Tuesday, November 24, 2009

Exercise Makes You Less Anxious


I see this regularly with patients who come in for depression, fatigue, anxiety -- if I can talk them into regular exercise, their symptoms improve. Of course, I'm doing acupuncture and herbs at the same time. But, therapeutic movement really seems to speed the treatment. The flip side of this is that over-training, pushing the body too hard -- especially without adequate nutrition and rest -- can cause anxiety.

This article looks at scientific research to explain why exercise reduces anxiety. In a nutshell, it seems to be that exercise induces the growth of new neurons that are less reactive to the hormonal and neurotransmitter effects of stress.
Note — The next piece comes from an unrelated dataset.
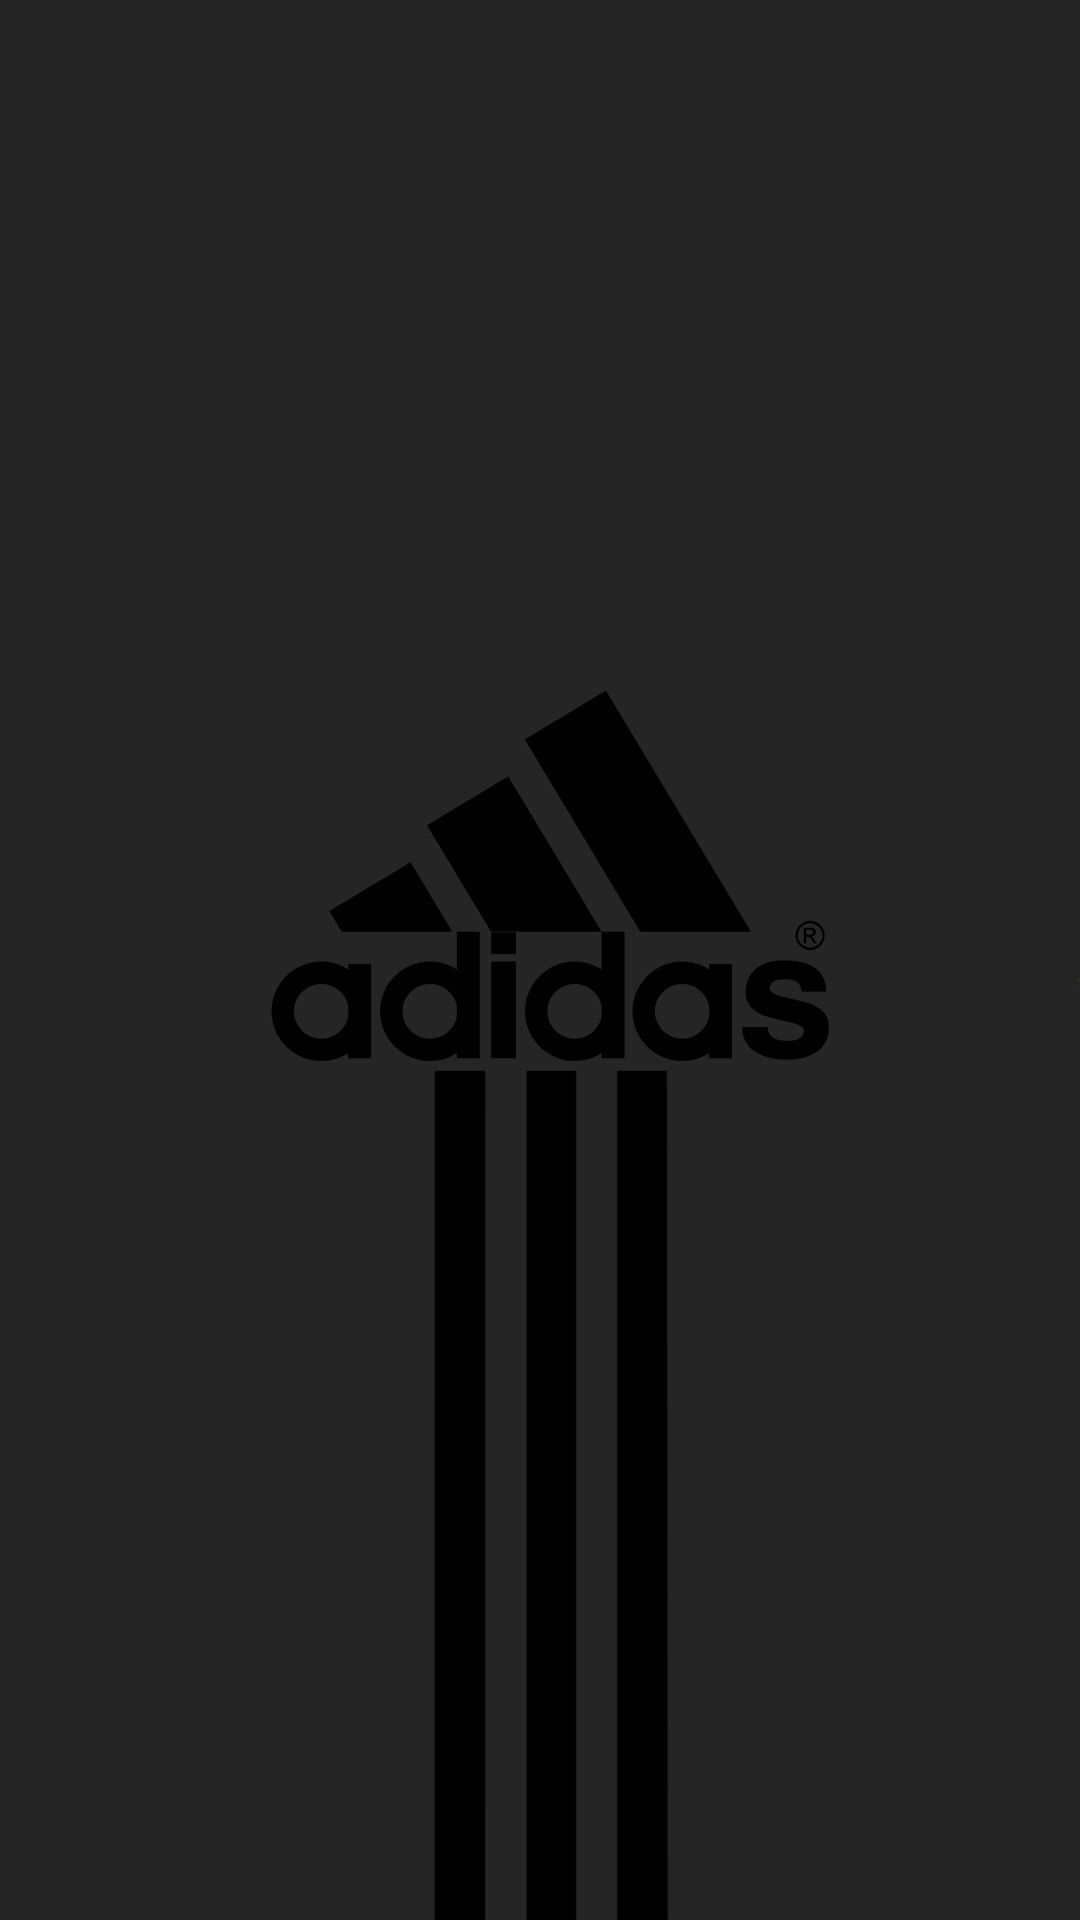 Adidas Adidas Logo Wallpapers Adidas Wallpapers Adidas Iphone Wallpaper

It takes at least three weeks for these changes in the brain to begin to appear.

“Something happened between three and six weeks,” says Benjamin Greenwood, a research associate in the Department of Integrative Physiology at the University of Colorado, who helped conduct the experiments. Dr. Greenwood added that it was “not clear how that translates” into an exercise prescription for humans. We may require more weeks of working out, or maybe less. And no one has yet studied how intense the exercise needs to be. But the lesson, Dr. Greenwood says, is “don’t quit.” Keep running or cycling or swimming. (Animal experiments have focused exclusively on aerobic, endurance-type activities.) You may not feel a magical reduction of stress after your first jog, if you haven’t been exercising. But the molecular biochemical changes will begin, Dr. Greenwood says. And eventually, he says, they become “profound.”